I don’t want to repeat it.
“Annie,” his voice is more stern and I know I can’t avoid it.
“I refused and he threatened to use Doc and Ellie, poisoning what was going on between us. Like I even know what the hell is going on between us.” I lean up against the wall.
“I told him he didn’t know what he was talking about. And then he got ugly. Accused me of pretending to care about her. Using her. Using Doc. Trying to get a family. He said really awful things.”
“Like?”
The wet air turns colder against my face. “Like I was playing mommy to Doc’s teenage brat.”
The words cut worse the second time. Jake’s eyes close.
“So wait, was Ellie at the clinic when this all went down?”
I press my fingers against my lips and look toward the open bay.
“I don’t know.” My voice cracks.
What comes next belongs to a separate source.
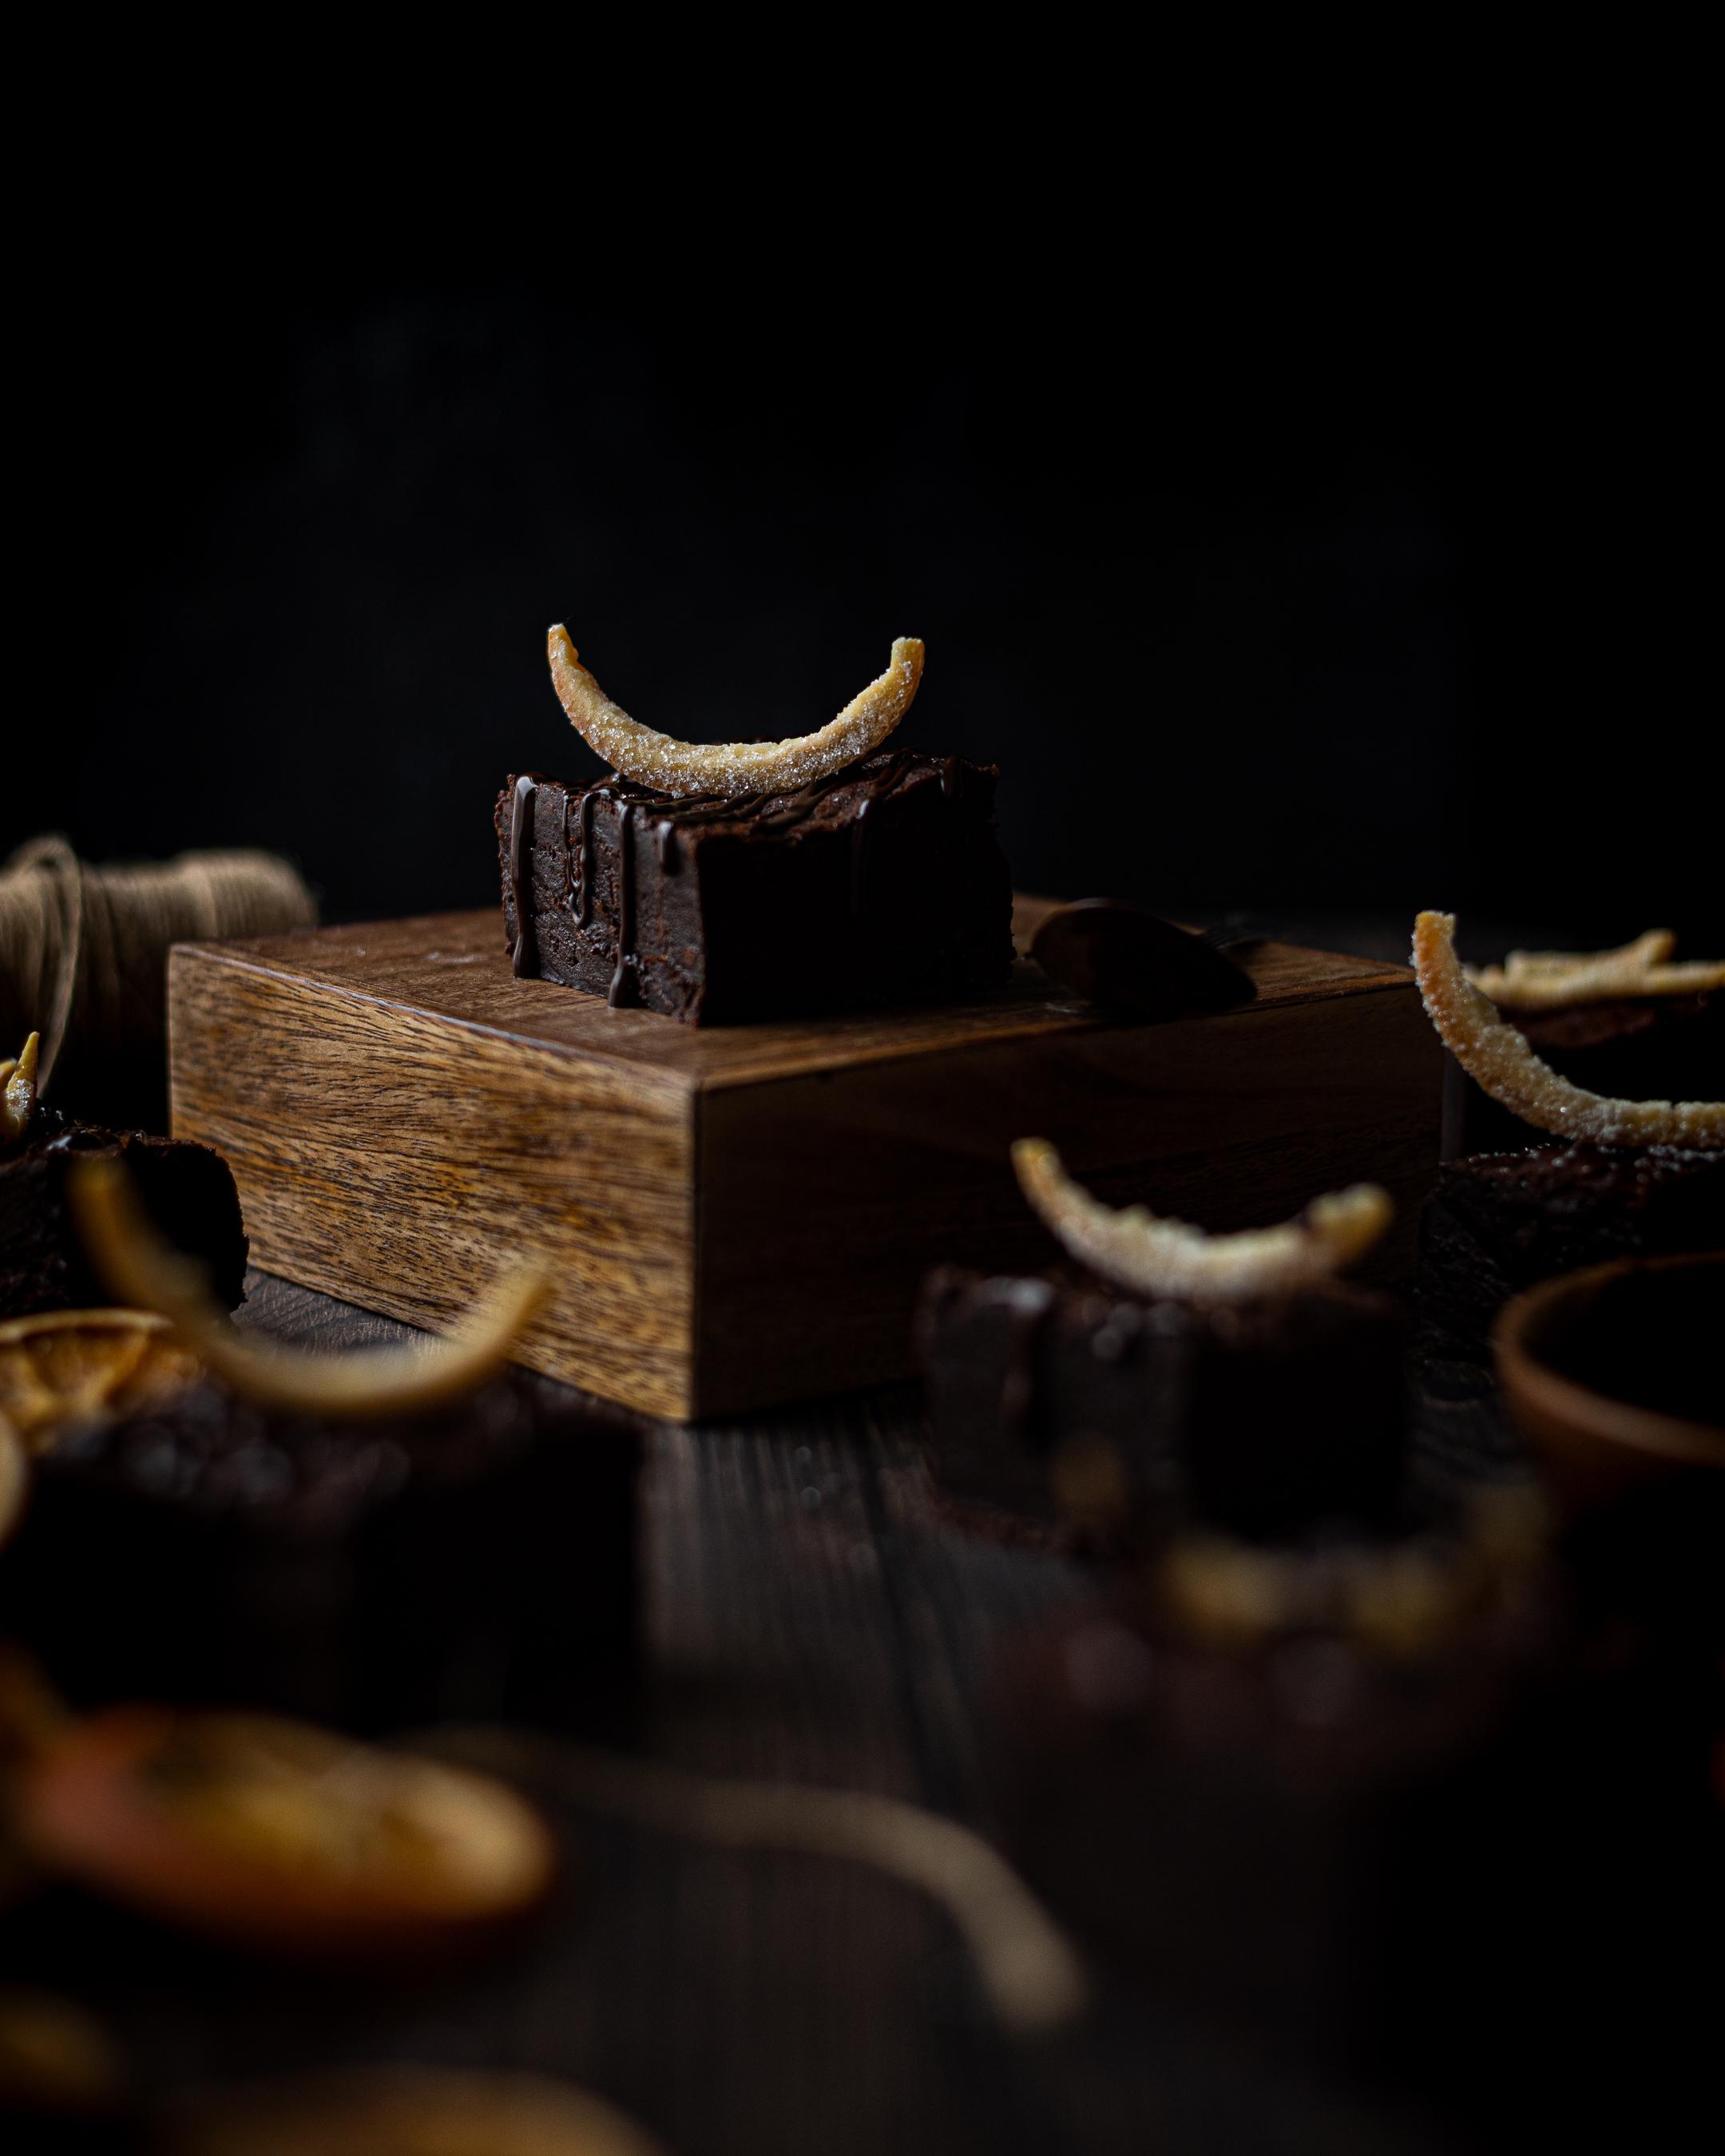 a chocolate orange brownie on a wooden platform, topped with a candied orange crown, surrounded by other chocolate orange brownies and dried oranges in the foreground

I hate it. “She might have been. She was coming to ask about a school project, but I never heard her come inside.”
Jake looks toward the street again. “And Doc?”
I laugh once. There is no humor in it. “Doc saw Ian leaving. Found me in room two. Saw my wrist. Asked what happened when we started hearing Ellie’s phone ringing. Doc found it in the bushes.”
“And he lost it.” Jake understands before I say the rest.
“Yeah, it got ugly. He said he couldn’t look at me without seeing Ellie running.” I wipe rain off my cheek.
I think it’s rain.
“Annie.” Jake takes my hand. “I’m not excusing the behavior, but Doc was terrified. I don’t think he meant to hurt you.”
“He told me he knew I didn’t use Ellie. But everything had already gone sideways. He couldn’t separate it. Me. Ian. Ellie’s phone. The things Ian said. It all landed together.”